I’ve been dreading writing this post. I must have started, stopped, deleted and re-written it a hundred times. I think it feels like everything is final by writing and posting it.

Two weeks ago we had to say goodbye to our dog, Charlie. He was just three and a half years old and was diagnosed with an aggressive type of cancer. There was nothing we could do but make him comfortable until it was time.

We got Charlie during the pandemic. We have a lifestyle where we are gone a lot. We love to travel and are always out and about. In other words, we weren’t made to be a dog family. That’s what I always told myself, or told my kids when they asked to get a dog. A dog meant “more work” to me, work we couldn’t take on when we are constantly driving places or flying places – doing all of those things we love to do. Then the world shut down and we were home. We thought about it long and hard and took the plunge. A Sheepadoodle puppy became the newest member of our family.

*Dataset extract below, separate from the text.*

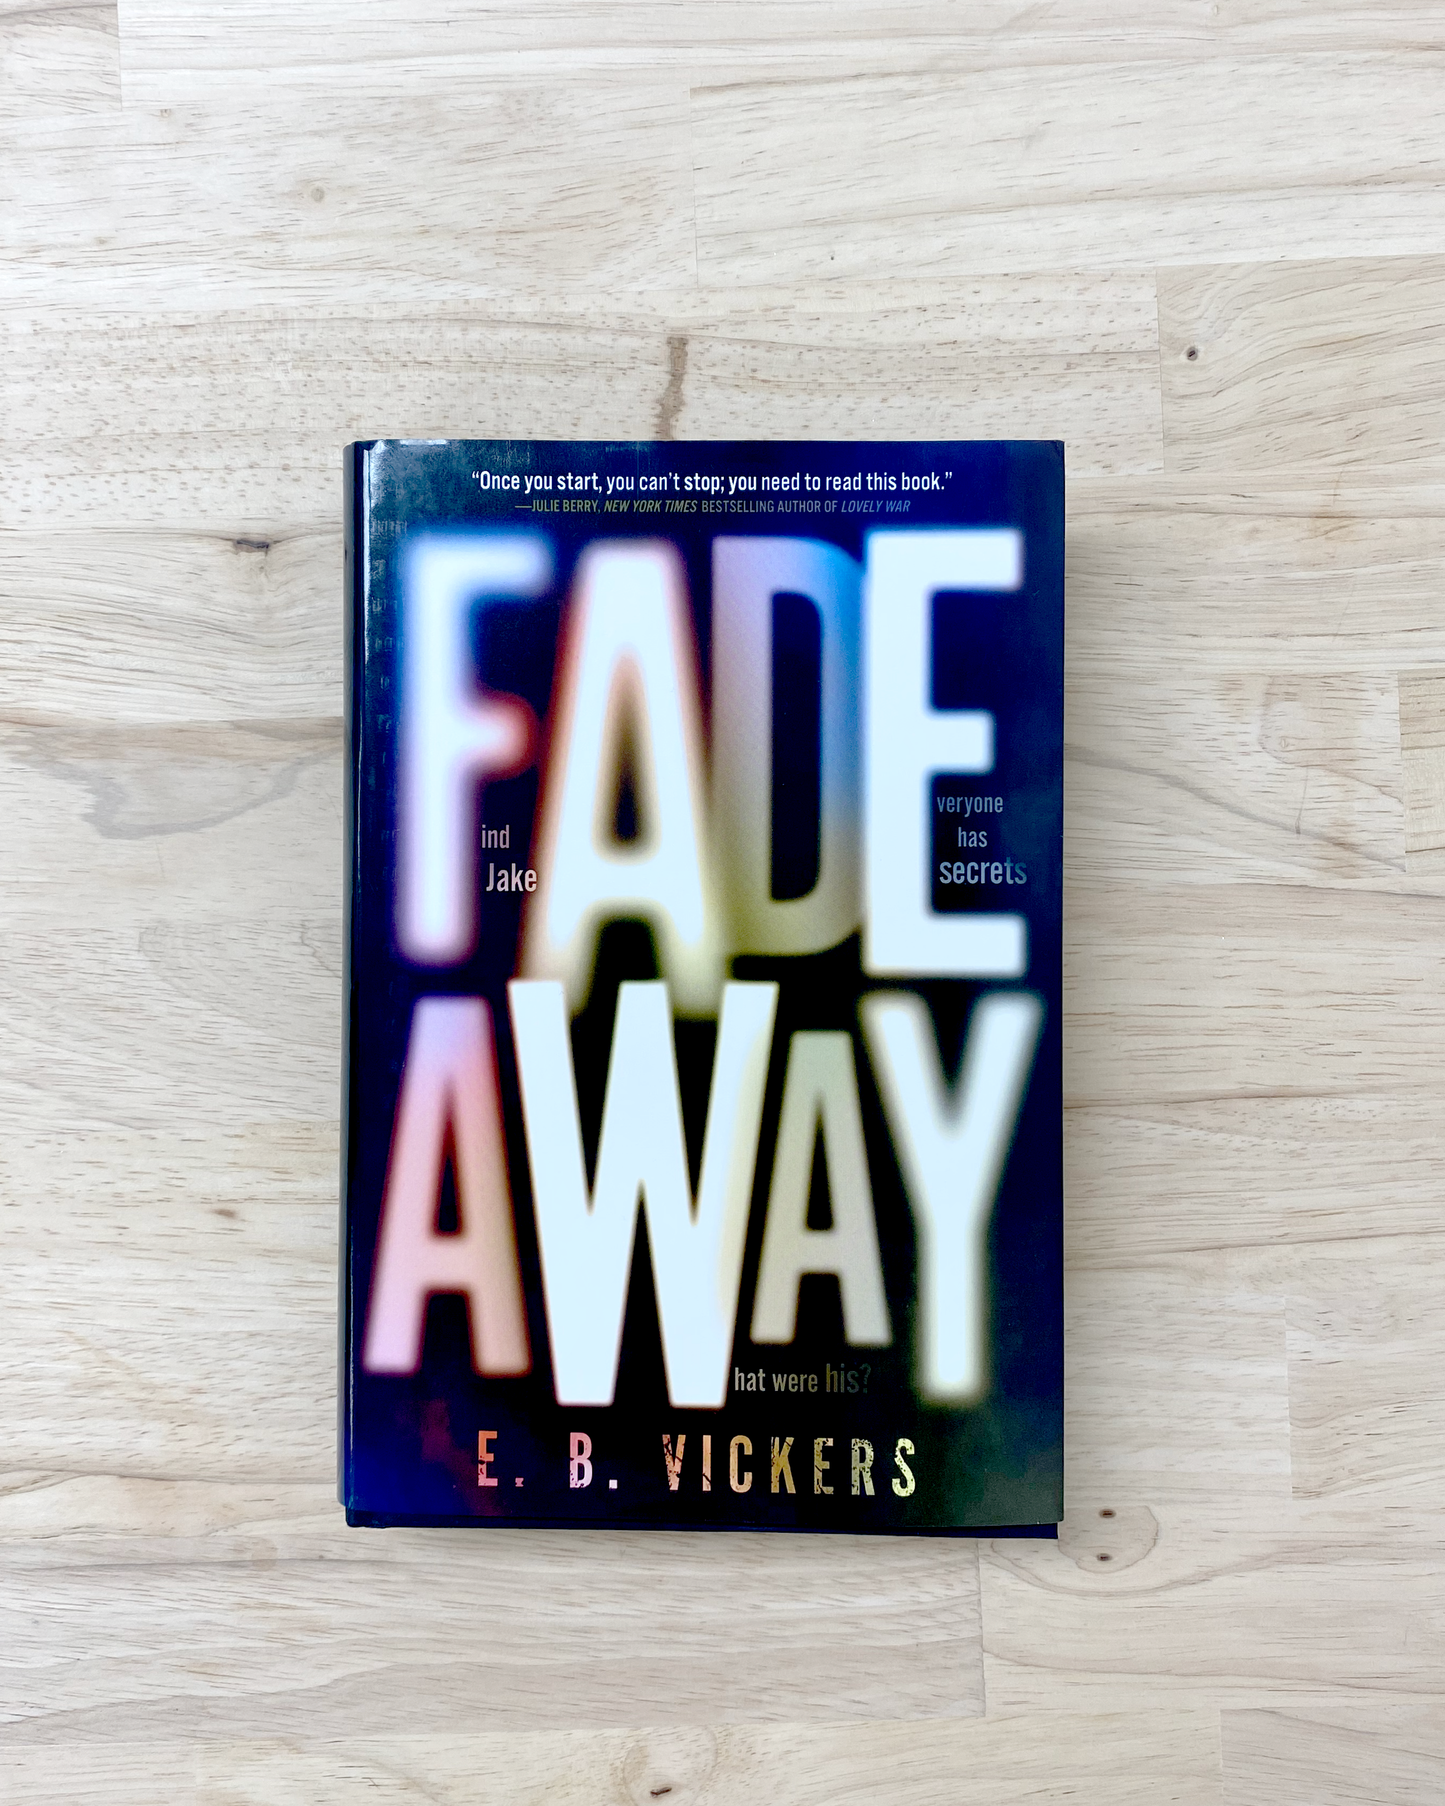 Fadeaway- Author Signed Copy

The day Charlie came home. Summer 2020.

When we first got Charlie, both my wife and children had some things that took them away from home for about a week. That left me and this roughly 8-week old dog, together for about 10 days. That was when Charlie really became my dog. I was working from home with nowhere to go. That meant 10 days of being together all day. We connected.

Charlie was always there.

The family always joked that Charlie was my dog. If I went somewhere in the house, he followed behind. When I took a nap, he usually took a nap. If I was doing a workout, he was either laying there on the floor next to me or barking at me to work harder.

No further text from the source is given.